In modern CPUs, the repnz (scas) class of instructions can have a large setup overhead and therefore be slower than a loop for a small number of elements. The performance of this class of instructions very much depends on the vendor and CPU microarchitecture.

Oracle GraalVM JIT Compiler and GraalVM CE JIT Compiler

Both GraalVM JIT compilers iterate over the secondary super types array using a loop:

   0.30% 0x7f342f2470e0:   mov    %ecx,%ebx               ; move the loop counter in %ebx
         0x7f342f2470e2:   shl    $0x3,%ebx               ; multiply the loop counter by 8
  44.80% 0x7f342f2470e5:   lea    0x8(%rbx),%ebx          ; skip the length field; compute the byte offset of the element in the secondary_supers array in %ebx
         0x7f342f2470e8:   movslq %ebx,%rbx               ; sign extend to 64 bits
   0.34% 0x7f342f2470eb:   mov    (%r8,%rbx,1),%rbx       ; load the klass from the secondary_supers array at index %ecx
   0.47% 0x7f342f2470ef:   cmp    %rbx,%r10               ; compare the klass with the expected klass (AutoCloseable)
         0x7f342f2470f2:   je     0x7f342f247106          ; if equal jump and store the klass in the secondary_super_cache
  44.10% 0x7f342f2470f8:   inc    %ecx                    ; increment the loop counter
         0x7f342f2470fa:   cmp    %ecx,%r9d               ; compare the loop counter with the length of the secondary_supers array
         0x7f342f2470fd:   jg     0x7f342f2470e0          ; if greater jump to the beginning of the loop 
   0.33% 0x7f342f2470ff:   mov    $0x0,%eax               ; move false to %eax
   0.79% 0x7f342f247104:   jmp    0x7f342f24709c          ; jump to not found label
         0x7f342f247106:   mov    %r10,0x20(%r11)         ; update the secondary_super_cache with the klass found
         0x7f342f24710a:   jmp    0x7f342f24708b          ; match found so jump to found label

Conclusions

The C2 JIT compiler can be slower than the GraalVM JIT compilers when iterating through the secondary super types array (i.e. performing instanceof checks), especially when the number of secondary super types is not very large.
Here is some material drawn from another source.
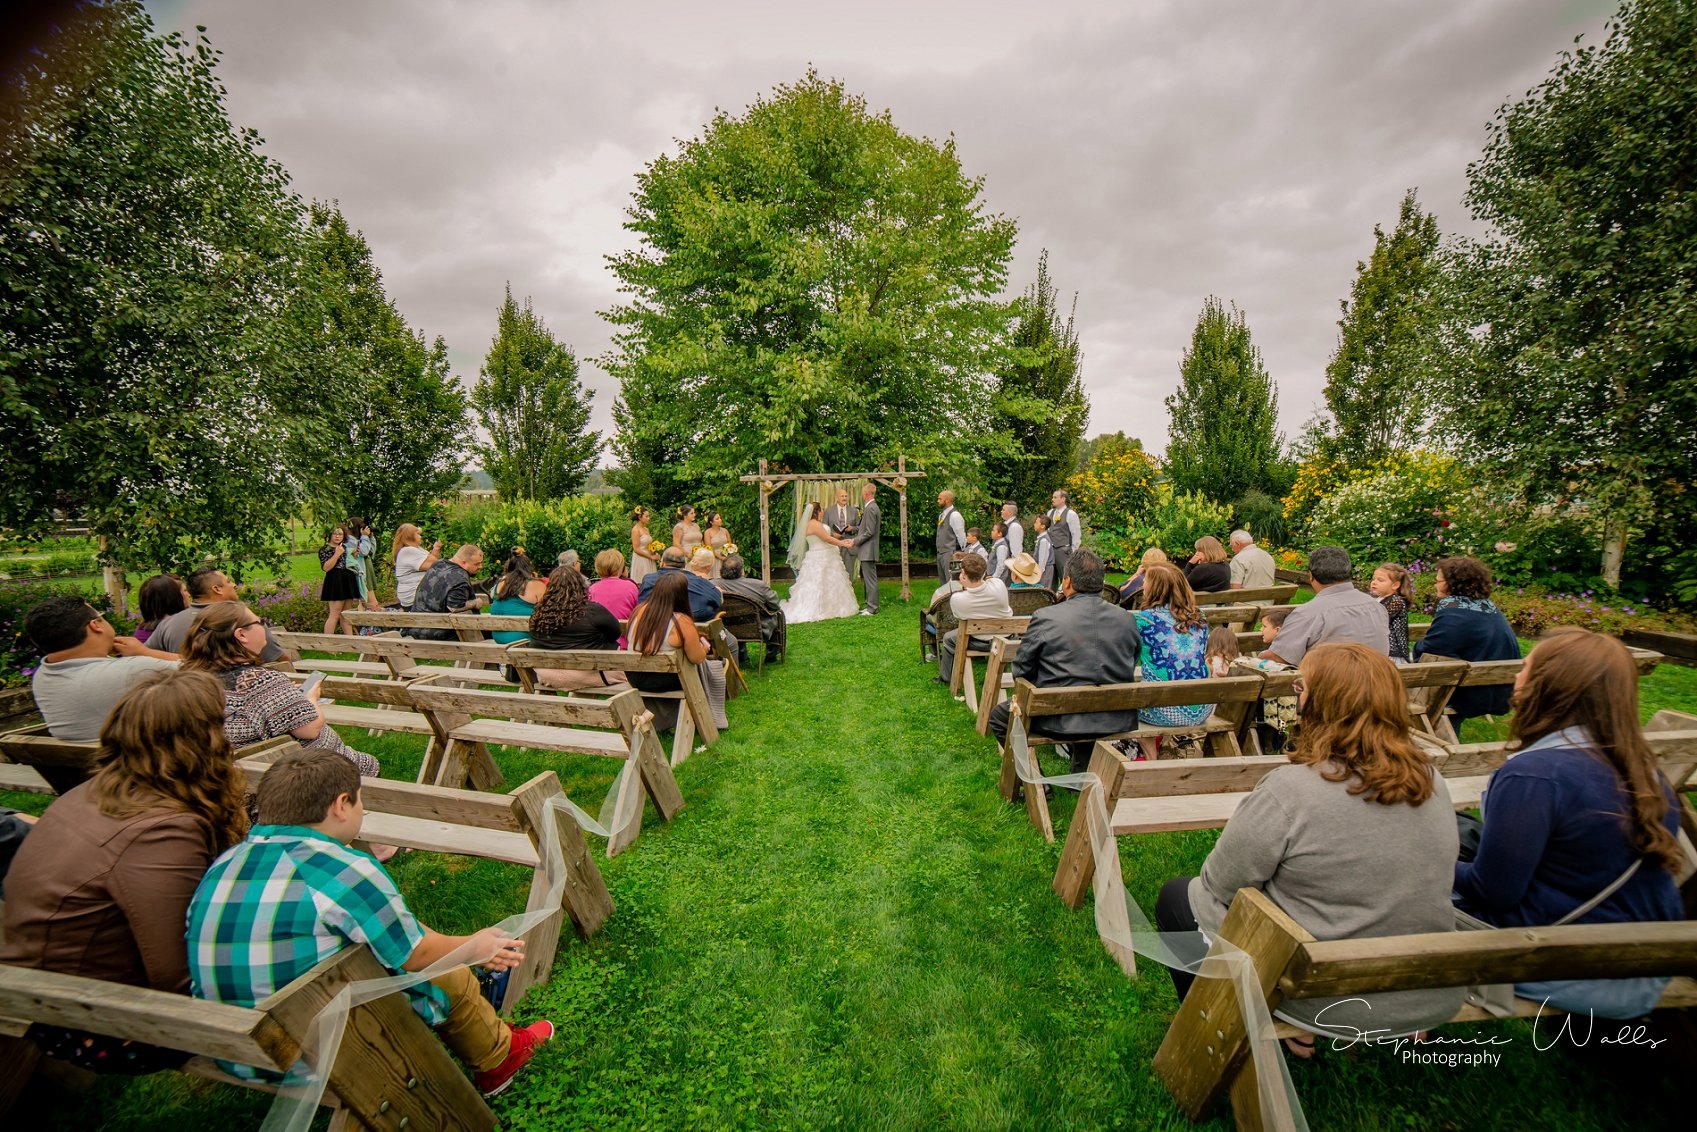 Kimble Wedding 186 1 Marlena & Allans | Snohomish Red Barn Events (Stocker Farms) | Snohomish, Wa Wedding Photographer

One of the reasons is that the C2 JIT compiler uses the repnz scas instruction which can be slow on modern x86 architectures. This issue is discussed in the JDK mailing list and in JDK-8251318.

JIT Geometric Mean

This section describes the normalized geometric mean (GM) for the entire JIT-related benchmark category, having in total 305 benchmarks. This is purely informative to have a high-level understanding of the overall benchmark scores.

The process of generating the normalized geometric mean is:

  • All benchmark scores are converted to the same unit (e.g., “ns/op”).
  • The resulting geometric mean is normalized to OpenJDK (i.e., C2 JIT).

x86_64

Rank JVM distribution Arcitecture Normalized Geometric Mean Nr. of Benchmarks Unit
1 Oracle GraalVM x86_64 0.64 305 ns/op
2 OpenJDK x86_64 1 305 ns/op
3 GraalVM CE x86_64 1.06 305 ns/op

The first in the row is the fastest, and the last in the row is the slowest.

arm64

Rank JVM distribution Arcitecture Normalized Geometric Mean Nr. of Benchmarks Unit
1 Oracle GraalVM x86_64 0.76 305 ns/op
2 OpenJDK x86_64 1 305 ns/op
3 GraalVM CE x86_64 1.31 305 ns/op

The first in the row is the fastest, and the last in the row is the slowest.

To summarize, on both architectures the normalized geometric mean is consistent:

  1. Oracle GraalVM JIT is the fastest.
  2. C2 JIT is in the middle.
  3. GraalVM CE JIT is the slowest.

API

This set of benchmarks targets common APIs from both the Java Platform, Standard Edition (Java SE) and the Java Development Kit (JDK).

API Benchmarks

The API benchmarks are measured in average time per operation, which is the score reported by the JMH.

Note: Only a small subset of the API benchmarks are included here; in general, we selected those with significant performance differences or representing various APIs. For the complete set, please refer to the repository and the generated plots.

AesEcbCryptoBenchmark

Encrypts and decrypts data using the Advanced Encryption Standard (AES) algorithm in Electronic Codebook (ECB) mode with both padding and no padding options. The process involves various key sizes. It’s important to note that AES/ECB mode does not require initialization vectors (IVs) or GCM (Galois/Counter Mode), unlike some other encryption modes.

Source code: AesEcbCryptoBenchmark.java

AesEcbCryptoBenchmark.svg

ByteArrayInputStreamBenchmark

Measures the time it takes to read byte array chunks using a ByteArrayInputStream and includes a sanity check to verify the number of bytes read.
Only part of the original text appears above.